Fermented Foods and Mood – from gloomy to flourishing

Jan 16 , 2020

Fermented Foods and Mood – from gloomy to flourishing

I have so much fun when I teach people at my fermented food workshops . So I thought I’d write this. 

Why bother eating fermented foods, let alone making them yourself?

Fermented foods contain beneficial probiotics/bacteria, as well as prebiotic foods and phytonutrients for those bacteria to thrive on. More recently science has found links between fermented food consumption, the health of the large intestine, and mental health. Good news!

Bare with me as I tell you what science has been investigating, as it affects us all.

Studies suggest ‘that consumption of fermented foods that contain probiotics may serve as a low-risk intervention for reducing social anxiety’. Plus eating particularly high fibre fermented foods can have anti-inflammatory benefits. In The American Journal of Psychiatry, Dr Janice Kiecolt-Glaser and colleagues suggest links with depression and inflammation, mentioning ‘anti-inflammatory interventions have a substantially greater impact on mood in individuals with heightened inflammation’. When the functioning of the gut was studied in a group of depressed as well as non-depressed individuals, poor gut function, especially characterised by ‘leak gut’, was significantly greater in the depressed individuals, leading to the study authors to state that gut function ‘plays a role in the inflammatory pathophysiology of depression’.

This becomes so exciting for me to hear science agrees with my observations. I see the results in my clinic from people eating fermented foods, pre- and pro- biotics, as well as all the fabulous phytonutrients that go with a wholefood way of eating. Not only do people feel more energetic and vital, they often say how improved their mood has become – from gloomy to flourishing!

I bet you never thought of your fermented foods as a psychobiotic.

Science defines ‘a psychobiotic as a live organism that, when ingested in adequate amounts, produces a health benefit in patients suffering from psychiatric illness’. Have I convinced you of the merits to consuming probiotic foods with prebiotic and phytonutrient co-factors?

In my cookbooks I have used many ingredients to help feed healthy gut bacteria. Take a look at my recipes as they all contain prebiotic and phytonutrient rich foods and are utterly delicious!

So which are beneficial fermented foods? Here’s a list of some:

Live yoghurt, unpasteurized sauerkraut, fermented unpasteurized vegetables and fruit, natto, tempeh, miso paste, kefir drinks/yoghurt, kombucha tea, unfiltered unpasteurized vinegar, some cheeses especially strong aged blue cheese, sourdough breads - even cocoa beans have to go through a fermentation process during manufacturing (interestingly in this recent small study  the authors state ‘consumption of cocoa flavanols can significantly affect the growth of select gut microflora in humans’).

If you can't manage to eat fermented foods each day and you feel you gut is out of balance then taking a probiotic may be helpful. Probiotics vary considerably in both their ingredients and effectiveness. It's important to choose one from a company you can trust, which has verified the effectiveness of those particular strains of bacteria (look for the words 'billion viable cells' and pick one with no less than 20 billion variable cells per recommended intake). Choose a product containing a number of different strains, rather than just one. 

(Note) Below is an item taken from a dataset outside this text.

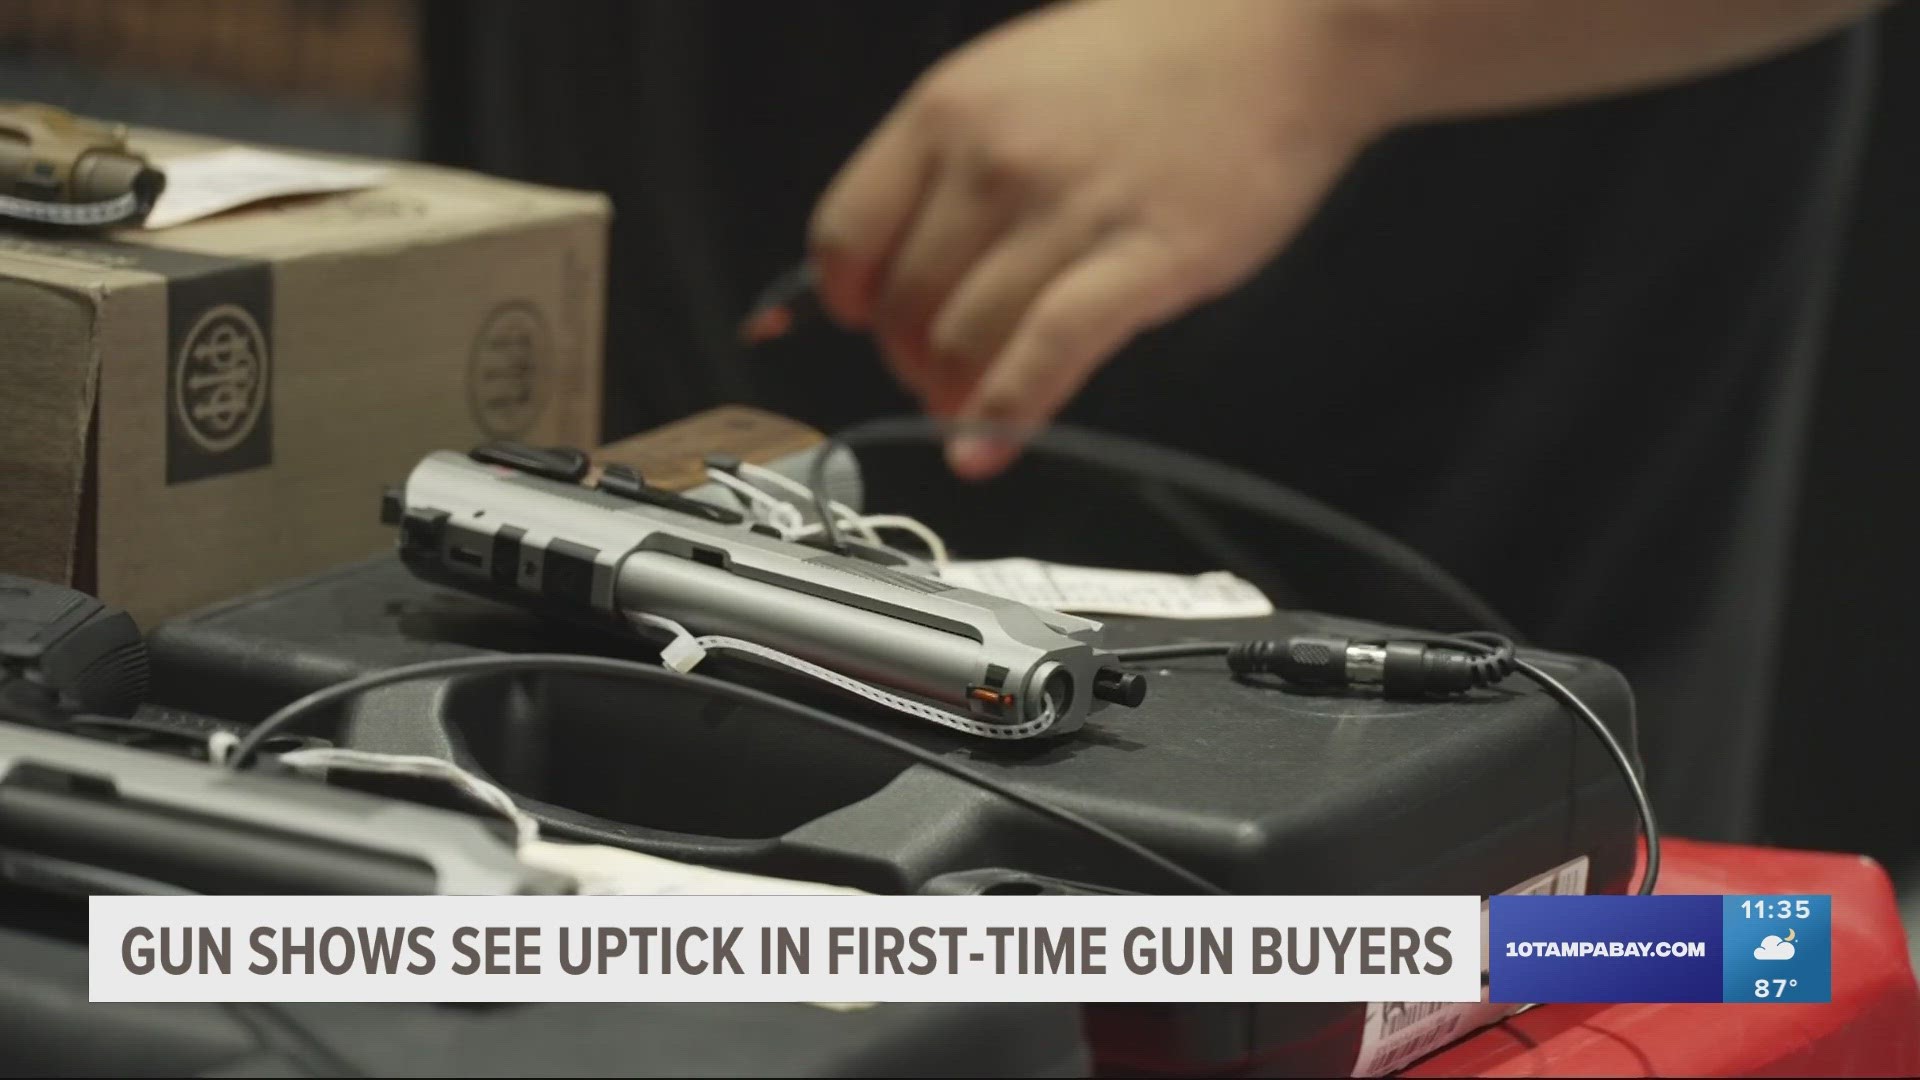 Nearly two months ago, a new law went into effect allowing Floridians to carry a concealed firearm without a permit.  Dealers still encourage CWL classes.

What are prebiotic and phytonutrient co-factors?

This is fibre and other phytonutrients that can be used as a food source or to facilitate a positive outcome with those gut bacteria and your cells. With so many different bacteria in your gut (1,500 is touted as the number of different species, combined weight of 1.5kg says Dr John Bienenstock), there are many different types of beneficial fibres/phytonutrients. Examples are inulin found in foods such as garlic, leeks, asparagus, onions, chicory root, jersusalem artichoke, rye, banana, and wholegrains such as oats; And phytonutrient flavanols, like the ones in cocoa, green and black tea, turmeric, black beans, dark berries, red onions, red cabbage and watercress. 

At my next Fermented Foods Cooking Class, I'll have lots of these foods and showing ways to eat them. Plus everyone will be making fermented foods to take away!


1 Comments

  • 16 Jan 2020 Susie

    Emma thank you for explaining all the gut business so clearly – I feel bombarded today with products and foods to help my gut and your article gets it all in a nutshell plus gives us the scientific evidence in the background. I’m intersted that you say we should eat something probiotic every day – I manage Natto once a week – its not the most appealing of foods! I’d like to build up to once a day but using foods not supplements.
    I’m interested that miso paste is a probiotic food – if you’ve boiled it up as miso soup surely you’ve killed the bacteria so is it beneficial if you are using it in cooking? Or do you have to spread it on a piece of toast to get the benefit. Same goes for yoguhurt – do you destroy the good effects if you cook it say in your Quinoa Crusted Mushroom Pie in the Happy Hormone Cookbook?